China remains hotspot for foreign investment
In January 2024, China saw the establishment of 4,588 new foreign-invested firms, marking a 74.4 percent surge from the previous year, according to data from the country's Ministry of Commerce (MOFCOM).
A staff member searches for goods at a cross-border e-commerce park in the Heihe Area of the China (Heilongjiang) Pilot Free Trade Zone in Heihe city, northeast China's Heilongjiang Province. (Xinhua/Xie Jianfei)
An official from the ministry underscored the soaring enthusiasm among foreign investors for China, adding that multinational companies remain optimistic about opportunities in the Chinese market and are boosting their investments in the country.
Many foreign companies operating in China have recently disclosed impressive financial results for 2023, accompanied by ambitious plans for further expansion in the Chinese market.
French cosmetic giant L'Oreal and Germany's leading engineering and technology company, Bosch Group, each reported a 5 percent increase in their 2023 sales in China. The Greater China market accounted for about one-fifth of Apple's total revenue last year. U.S. pharmaceutical enterprise MSD saw its sales in China surge by 32 percent year on year to $6.71 billion in 2023.
The sales growth of foreign companies in China is closely tied to the country’s vast market. Joe Bao, president for Greater China at Finland-based elevator giant KONE, mentioned that the Chinese market was the company's largest single market in the fiscal year of 2023, accounting for about 26 percent of its global sales last year. In the same period, KONE's equipment shipments in China exceeded 1.5 million units.
A staff member works at a factory of SMC (China) Co., Ltd., a foreign-invested company in Beijing. (Xinhua/Shan Yuqi)
"China is the world's largest new elevator market and the country with the most elevators in operation. Notably, 95 percent of the elevators currently in use in China have been installed for less than 20 years. This means that there is tremendous growth potential in the Chinese market for elevator maintenance and upgrading," Bao said.
Without China's development, there would be no success for KONE, Bao added, noting that this year, the company is further optimizing its products and services and is actively participating in urban renewal and development projects across various Chinese cities.
Additionally, China's further opening-up holds appeal to foreign enterprises. "Despite facing various challenges in 2023, Kärcher's overall performance in China was quite impressive. Sales in the Chinese market continued to grow and ranked among the top 10 in Kärcher's global markets," said Rainer Kern, vice general manager and CFO of Kärcher China.
Kern believes that China's attractive investment climate, solid supply chain, abundant talent pool, stable social setting, and the ongoing introduction of preferential policies have strongly supported the development of foreign companies in the country.
Beyond its vast market, China's well-developed industrial and supply chain systems, along with its high-quality talent and other advantages, have allowed foreign companies to efficiently integrate various production factors, said Li Hongtao, an associate research fellow at the Institute of Foreign Investment of the Chinese Academy of International Trade and Economic Cooperation.
Particularly in recent years, China's abundant innovation scenarios, platforms, and resources have provided multinational companies with new opportunities for product research, development, and sales, enabling them to secure an early advantage in global markets, added Li.
An increasing number of global enterprises are committing to growth in China.

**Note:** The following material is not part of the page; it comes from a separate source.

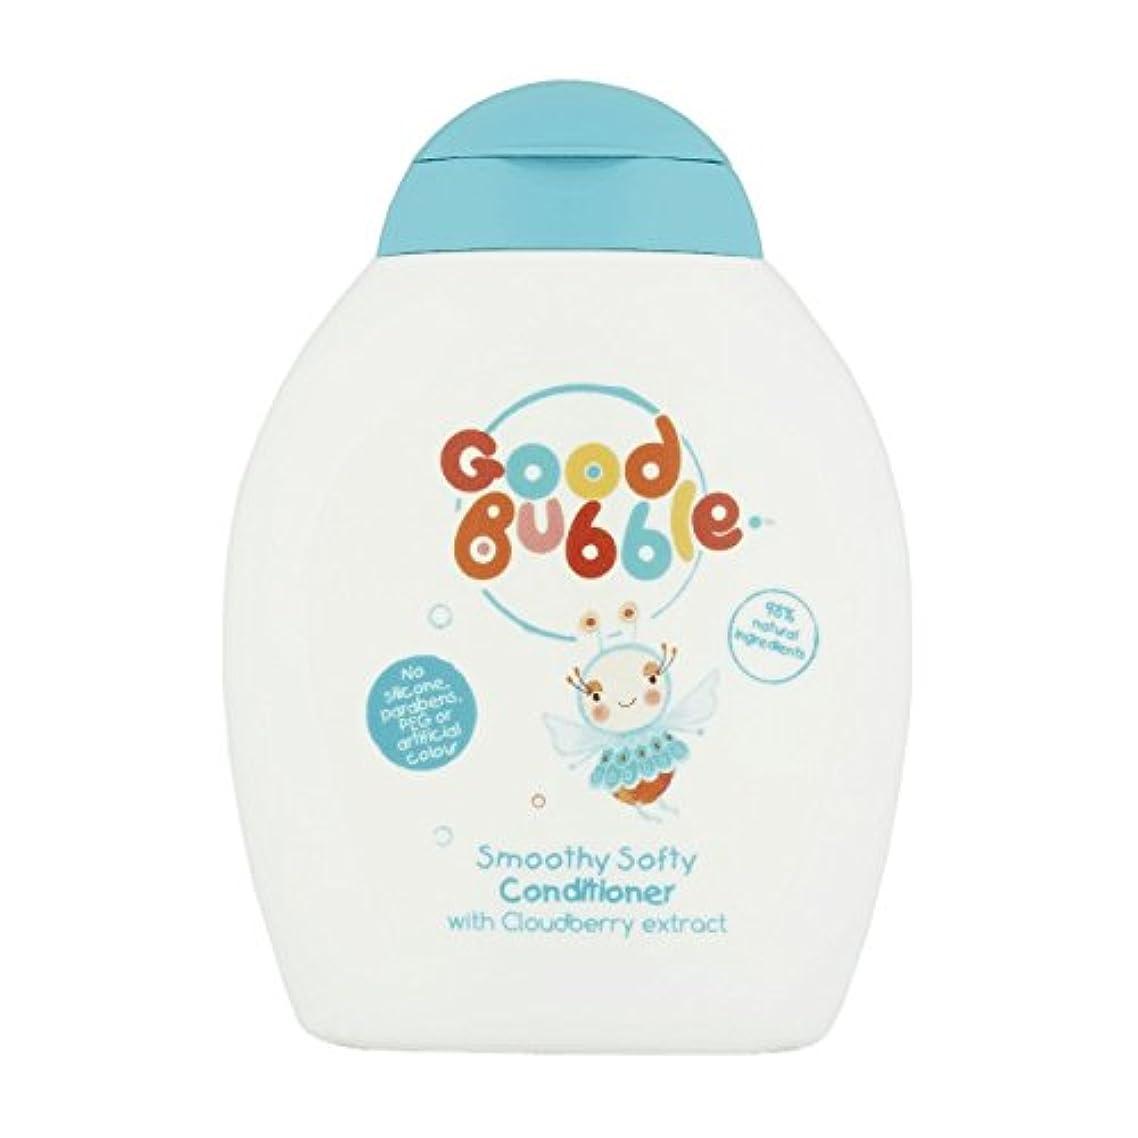 証書調子好ましいGood Bubble Cloudberry Conditioner 250ml (Pack of 2) - 良いバブルクラウドベリーコンディショナー250ミリリットル (x2) [並行輸入品]

The largest development center of German carmaker Volkswagen Group outside Germany commenced operations in January 2024. Meanwhile, U.S. energy giant ExxonMobil plans to invest 10 billion yuan ($1.4 billion) in a project in south China's Guangdong Province this year.
Staff members work at a foreign-funded electronics components enterprise in Gangxi township, Rongcheng city, east China's Shandong Province. (Photo/Li Xinjun)
On March 1, multinational pharmaceutical giant AstraZeneca signed an investment agreement with the management committee of the Wuxi National High-Tech District, committing $475 million to build a small molecule drug factory in Wuxi city, east China's Jiangsu Province.
A recent survey conducted by the American Chamber of Commerce in China (AmCham China) revealed that 50 percent of the companies surveyed rank China as their top or among their top three investment destinations.
A report released by HSBC in 2023 indicated that 87 percent of the international companies interviewed plan to increase their operations in China.
The enthusiasm of foreign enterprises to invest in China lies in the fact that they remain bullish on the country's prospects.
Yoon Doson, CEO of CJ China, stated that the South Korean conglomerate CJ Group has remained committed to China's market for nearly 30 years. The group values and appreciates the growth opportunities and favorable conditions that the Chinese market offers to foreign enterprises operating in China. With profit growth in 2023, the group maintains an optimistic outlook on the Chinese market and is confident in its operations within the country.
"China's consumption and industrial upgrading, driven by its high-quality economic development, are bringing new opportunities to foreign companies," Li added.